Task item: Return, exactly as written, every line from the first line of the data below through the line that contains "Gamlitz Sauvignon Blanc".

Extracted data entries
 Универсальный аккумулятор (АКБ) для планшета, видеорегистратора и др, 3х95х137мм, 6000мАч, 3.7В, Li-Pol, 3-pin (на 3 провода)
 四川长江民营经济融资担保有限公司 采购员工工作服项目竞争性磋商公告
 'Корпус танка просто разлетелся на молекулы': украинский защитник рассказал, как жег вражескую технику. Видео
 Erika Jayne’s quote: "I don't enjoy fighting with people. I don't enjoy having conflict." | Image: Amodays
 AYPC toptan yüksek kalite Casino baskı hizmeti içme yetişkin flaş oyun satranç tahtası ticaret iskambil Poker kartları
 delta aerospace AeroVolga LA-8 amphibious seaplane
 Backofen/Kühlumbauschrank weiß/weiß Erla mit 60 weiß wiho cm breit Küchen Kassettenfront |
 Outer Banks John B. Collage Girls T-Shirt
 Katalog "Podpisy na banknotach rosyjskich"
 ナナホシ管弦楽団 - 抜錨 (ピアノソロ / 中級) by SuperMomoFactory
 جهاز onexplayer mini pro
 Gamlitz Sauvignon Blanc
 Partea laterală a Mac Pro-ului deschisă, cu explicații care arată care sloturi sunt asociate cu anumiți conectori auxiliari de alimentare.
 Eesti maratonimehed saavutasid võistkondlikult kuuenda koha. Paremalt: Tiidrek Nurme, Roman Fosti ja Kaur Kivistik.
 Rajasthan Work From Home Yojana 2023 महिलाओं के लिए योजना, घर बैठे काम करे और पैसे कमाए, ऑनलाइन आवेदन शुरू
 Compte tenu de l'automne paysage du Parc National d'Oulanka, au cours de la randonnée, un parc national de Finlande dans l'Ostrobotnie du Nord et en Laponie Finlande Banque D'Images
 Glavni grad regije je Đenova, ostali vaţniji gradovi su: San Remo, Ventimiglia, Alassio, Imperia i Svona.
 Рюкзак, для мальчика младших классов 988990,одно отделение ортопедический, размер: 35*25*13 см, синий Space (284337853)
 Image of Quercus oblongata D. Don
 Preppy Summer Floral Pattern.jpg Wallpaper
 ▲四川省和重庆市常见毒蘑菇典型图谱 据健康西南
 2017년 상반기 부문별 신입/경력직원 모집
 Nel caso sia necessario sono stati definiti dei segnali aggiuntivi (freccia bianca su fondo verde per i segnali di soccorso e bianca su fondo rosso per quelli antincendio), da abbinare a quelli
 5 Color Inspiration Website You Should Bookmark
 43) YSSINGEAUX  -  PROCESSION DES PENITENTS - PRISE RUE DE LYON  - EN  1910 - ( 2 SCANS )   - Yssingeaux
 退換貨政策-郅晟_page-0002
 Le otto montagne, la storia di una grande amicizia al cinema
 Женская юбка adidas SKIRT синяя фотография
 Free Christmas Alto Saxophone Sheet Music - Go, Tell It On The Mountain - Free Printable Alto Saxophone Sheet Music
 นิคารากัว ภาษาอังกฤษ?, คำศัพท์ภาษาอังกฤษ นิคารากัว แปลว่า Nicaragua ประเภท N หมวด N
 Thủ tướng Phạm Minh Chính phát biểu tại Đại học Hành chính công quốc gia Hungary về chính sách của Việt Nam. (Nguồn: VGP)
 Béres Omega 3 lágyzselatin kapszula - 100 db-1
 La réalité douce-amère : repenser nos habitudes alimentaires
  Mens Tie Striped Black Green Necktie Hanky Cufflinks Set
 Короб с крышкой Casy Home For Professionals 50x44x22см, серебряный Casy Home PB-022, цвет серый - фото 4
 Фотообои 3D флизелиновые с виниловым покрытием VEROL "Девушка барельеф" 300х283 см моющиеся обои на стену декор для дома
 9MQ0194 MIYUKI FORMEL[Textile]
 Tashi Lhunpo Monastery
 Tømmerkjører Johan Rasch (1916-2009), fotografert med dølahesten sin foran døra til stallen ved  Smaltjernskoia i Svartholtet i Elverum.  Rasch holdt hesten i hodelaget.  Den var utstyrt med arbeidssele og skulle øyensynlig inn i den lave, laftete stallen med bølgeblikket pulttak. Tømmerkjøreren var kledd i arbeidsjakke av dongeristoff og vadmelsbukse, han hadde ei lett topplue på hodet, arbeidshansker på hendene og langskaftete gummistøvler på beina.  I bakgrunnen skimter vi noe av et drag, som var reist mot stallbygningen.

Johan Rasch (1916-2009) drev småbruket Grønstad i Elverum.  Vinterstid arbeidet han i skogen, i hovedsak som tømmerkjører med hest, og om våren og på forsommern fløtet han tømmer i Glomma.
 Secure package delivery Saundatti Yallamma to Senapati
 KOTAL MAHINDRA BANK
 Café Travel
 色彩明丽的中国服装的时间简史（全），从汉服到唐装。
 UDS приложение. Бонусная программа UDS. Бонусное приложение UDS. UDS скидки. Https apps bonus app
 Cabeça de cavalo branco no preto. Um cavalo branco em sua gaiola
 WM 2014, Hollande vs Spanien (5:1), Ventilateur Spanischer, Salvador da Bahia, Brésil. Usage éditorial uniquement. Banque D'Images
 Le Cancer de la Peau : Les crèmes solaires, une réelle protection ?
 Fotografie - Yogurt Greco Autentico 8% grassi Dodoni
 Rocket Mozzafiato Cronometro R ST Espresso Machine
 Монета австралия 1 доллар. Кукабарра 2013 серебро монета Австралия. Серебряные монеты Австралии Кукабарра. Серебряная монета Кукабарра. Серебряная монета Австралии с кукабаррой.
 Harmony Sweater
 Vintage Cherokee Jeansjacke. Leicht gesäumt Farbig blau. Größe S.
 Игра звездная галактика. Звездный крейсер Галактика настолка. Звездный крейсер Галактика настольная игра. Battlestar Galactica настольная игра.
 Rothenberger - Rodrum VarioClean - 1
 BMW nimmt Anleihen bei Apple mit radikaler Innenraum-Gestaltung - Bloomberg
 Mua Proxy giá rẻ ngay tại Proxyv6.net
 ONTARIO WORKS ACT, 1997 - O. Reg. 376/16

Solution for this problem:
 Универсальный аккумулятор (АКБ) для планшета, видеорегистратора и др, 3х95х137мм, 6000мАч, 3.7В, Li-Pol, 3-pin (на 3 провода)
 四川长江民营经济融资担保有限公司 采购员工工作服项目竞争性磋商公告
 'Корпус танка просто разлетелся на молекулы': украинский защитник рассказал, как жег вражескую технику. Видео
 Erika Jayne’s quote: "I don't enjoy fighting with people. I don't enjoy having conflict." | Image: Amodays
 AYPC toptan yüksek kalite Casino baskı hizmeti içme yetişkin flaş oyun satranç tahtası ticaret iskambil Poker kartları
 delta aerospace AeroVolga LA-8 amphibious seaplane
 Backofen/Kühlumbauschrank weiß/weiß Erla mit 60 weiß wiho cm breit Küchen Kassettenfront |
 Outer Banks John B. Collage Girls T-Shirt
 Katalog "Podpisy na banknotach rosyjskich"
 ナナホシ管弦楽団 - 抜錨 (ピアノソロ / 中級) by SuperMomoFactory
 جهاز onexplayer mini pro
 Gamlitz Sauvignon Blanc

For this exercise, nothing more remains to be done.